Within the listing that follows, reproduce exactly the lines starting at the line with "Gorenje De réfrigérateur" and ending at the line with "Kit Imprimible Imagenes", inclusive, and only those. Pictures are dropped.

> [Available data]:
—————
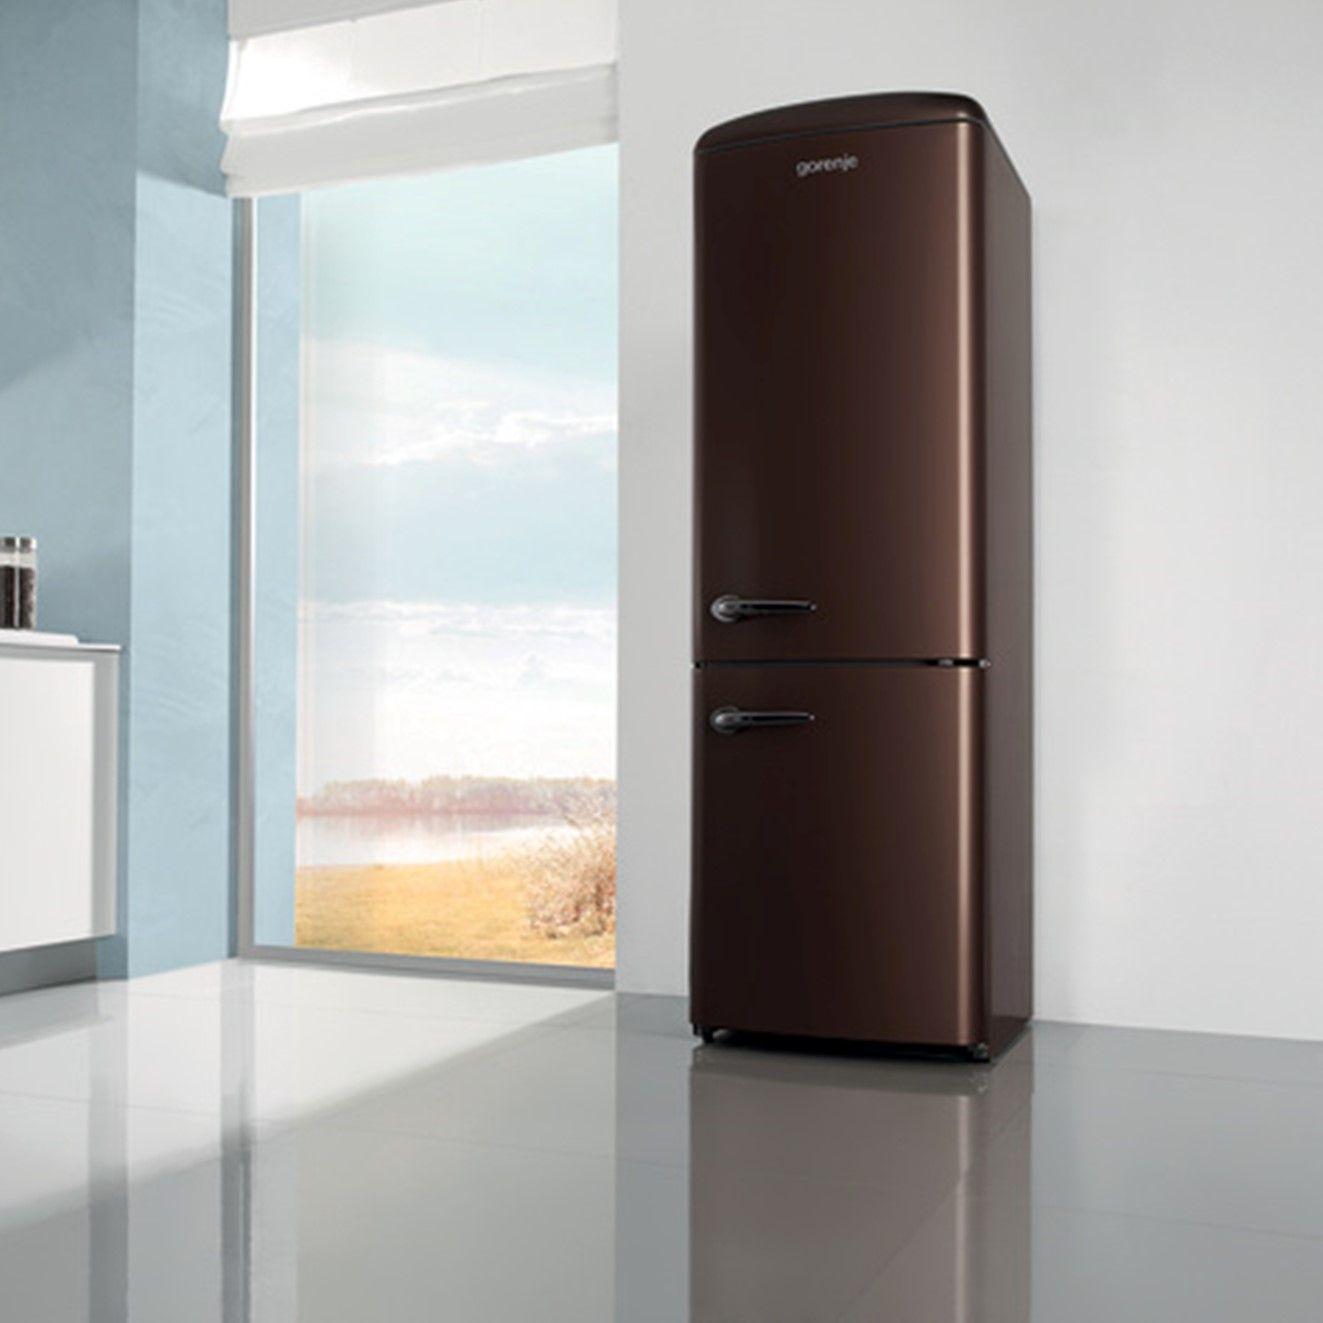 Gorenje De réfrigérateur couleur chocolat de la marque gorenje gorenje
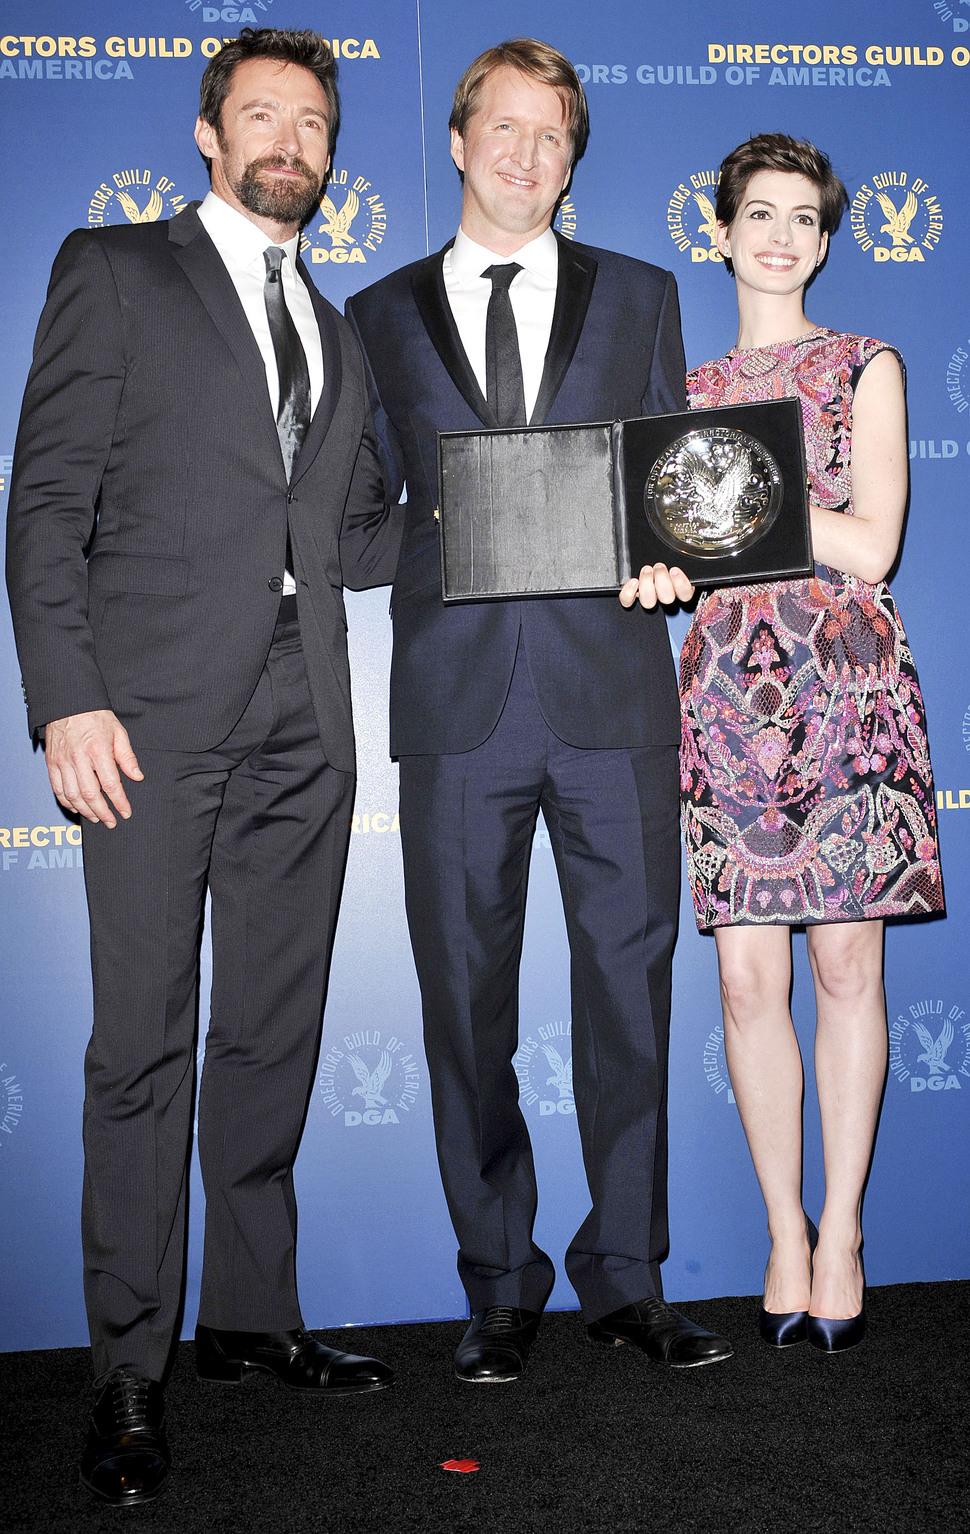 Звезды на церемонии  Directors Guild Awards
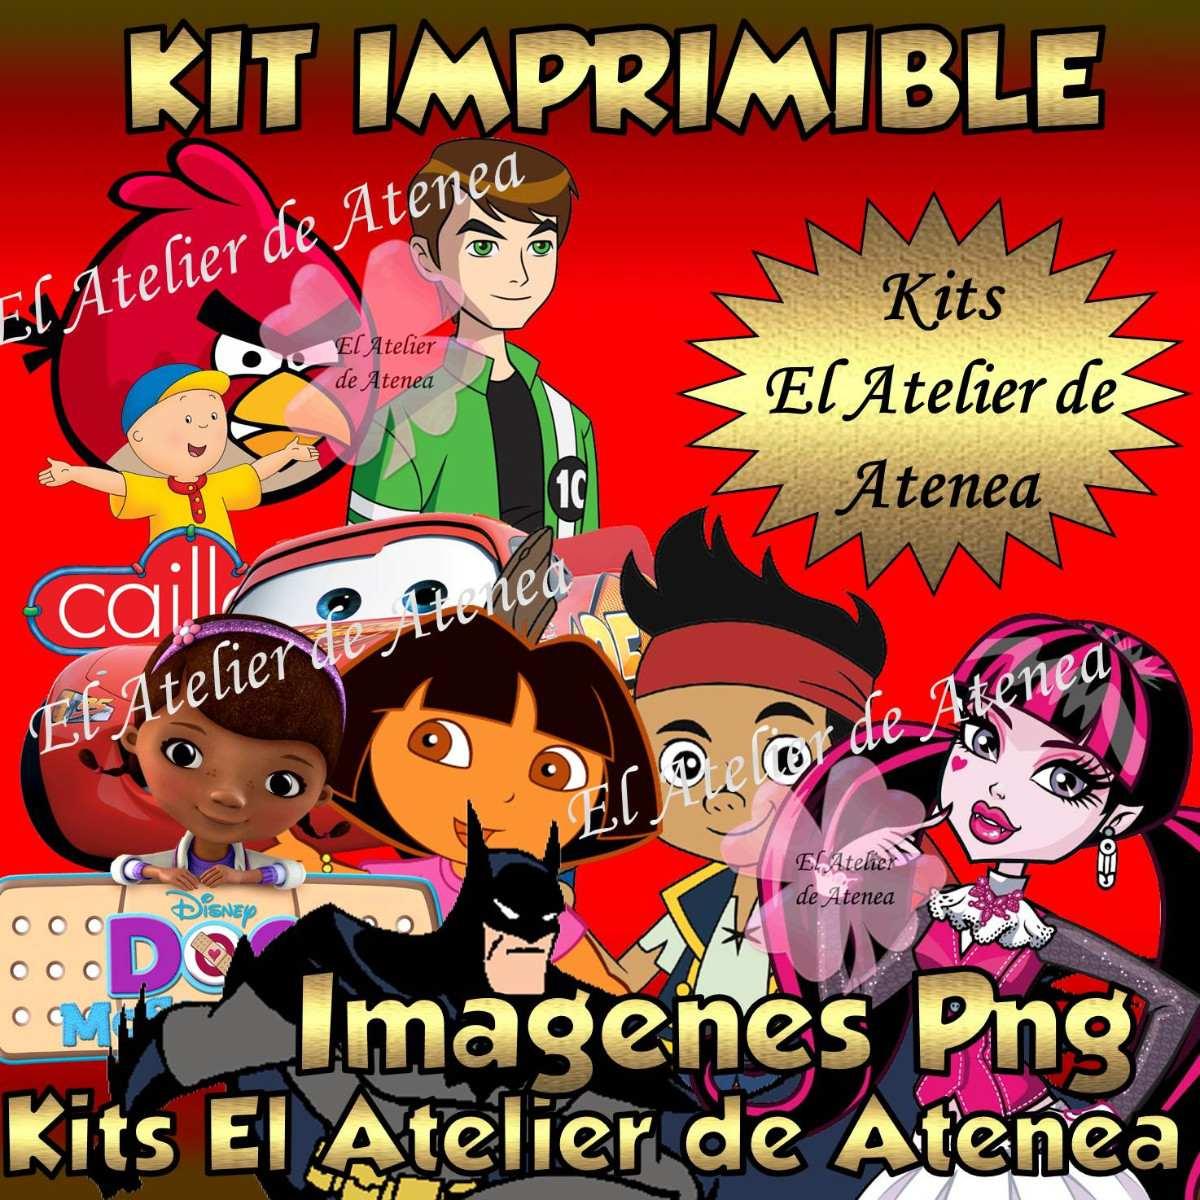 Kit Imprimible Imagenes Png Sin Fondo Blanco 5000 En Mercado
—————
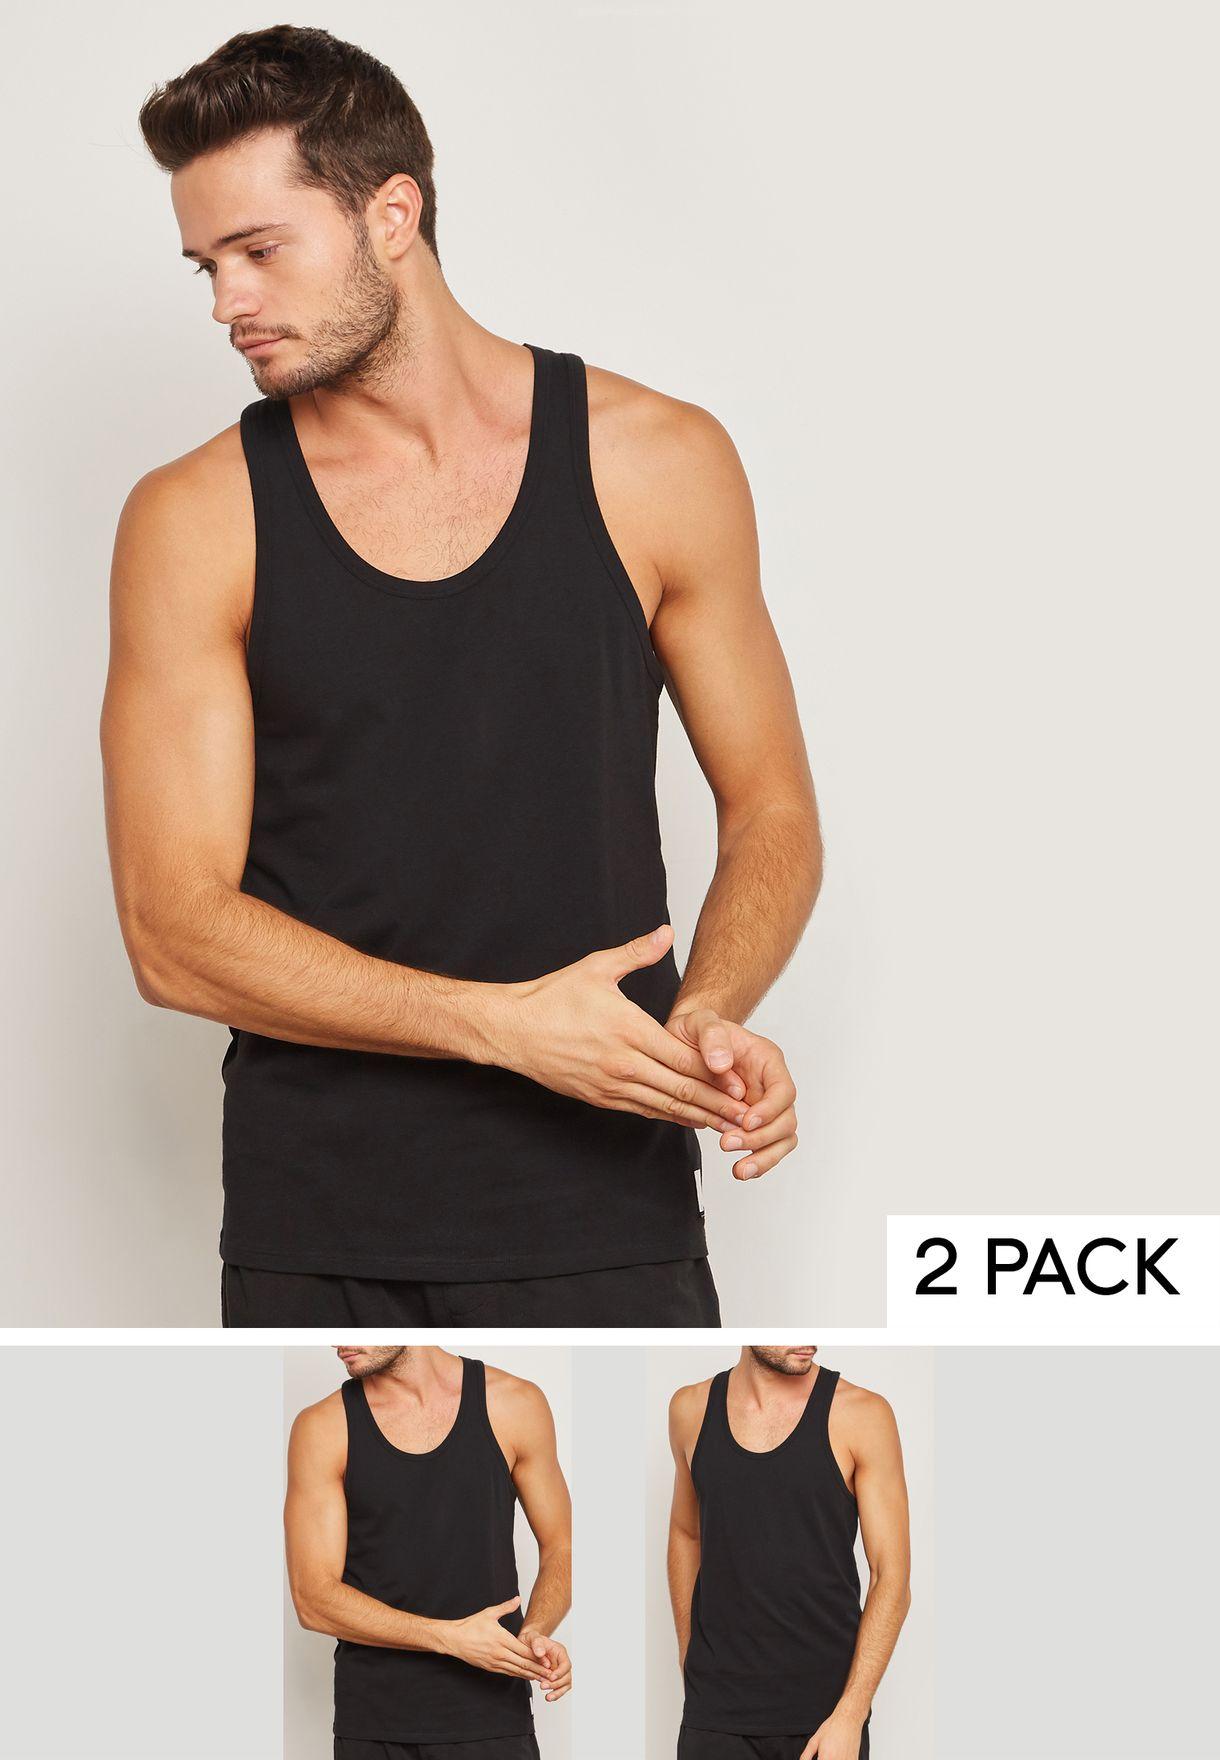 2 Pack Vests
—————
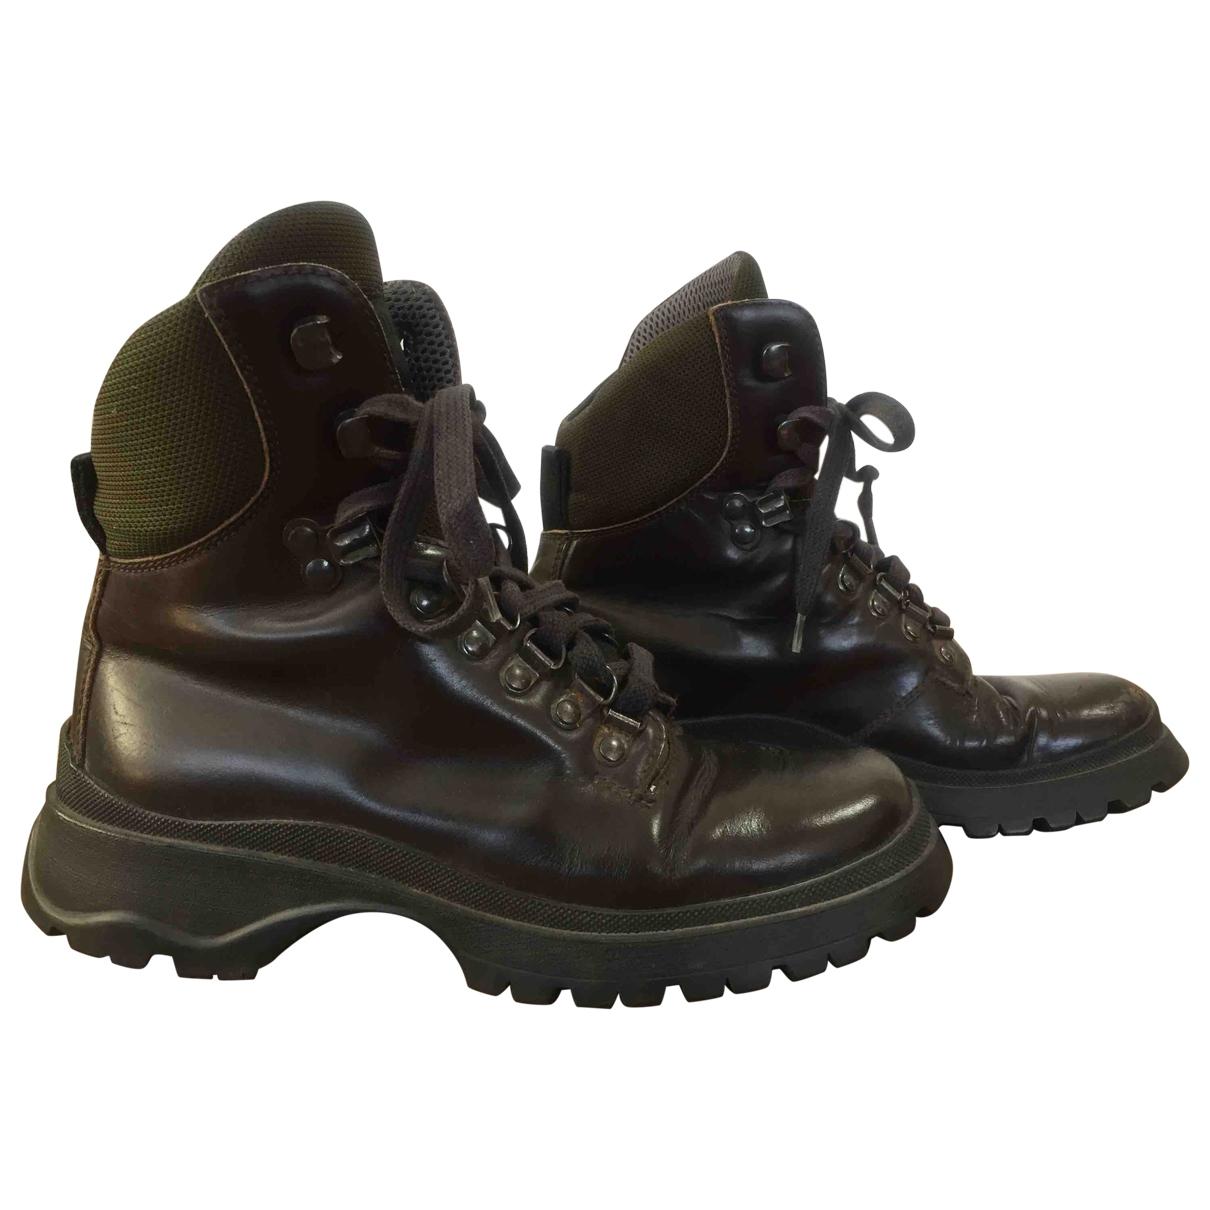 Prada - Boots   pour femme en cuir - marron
—————
> [Exercise output]:
 Gorenje De réfrigérateur couleur chocolat de la marque gorenje gorenje
 Звезды на церемонии  Directors Guild Awards
 Kit Imprimible Imagenes Png Sin Fondo Blanco 5000 En Mercado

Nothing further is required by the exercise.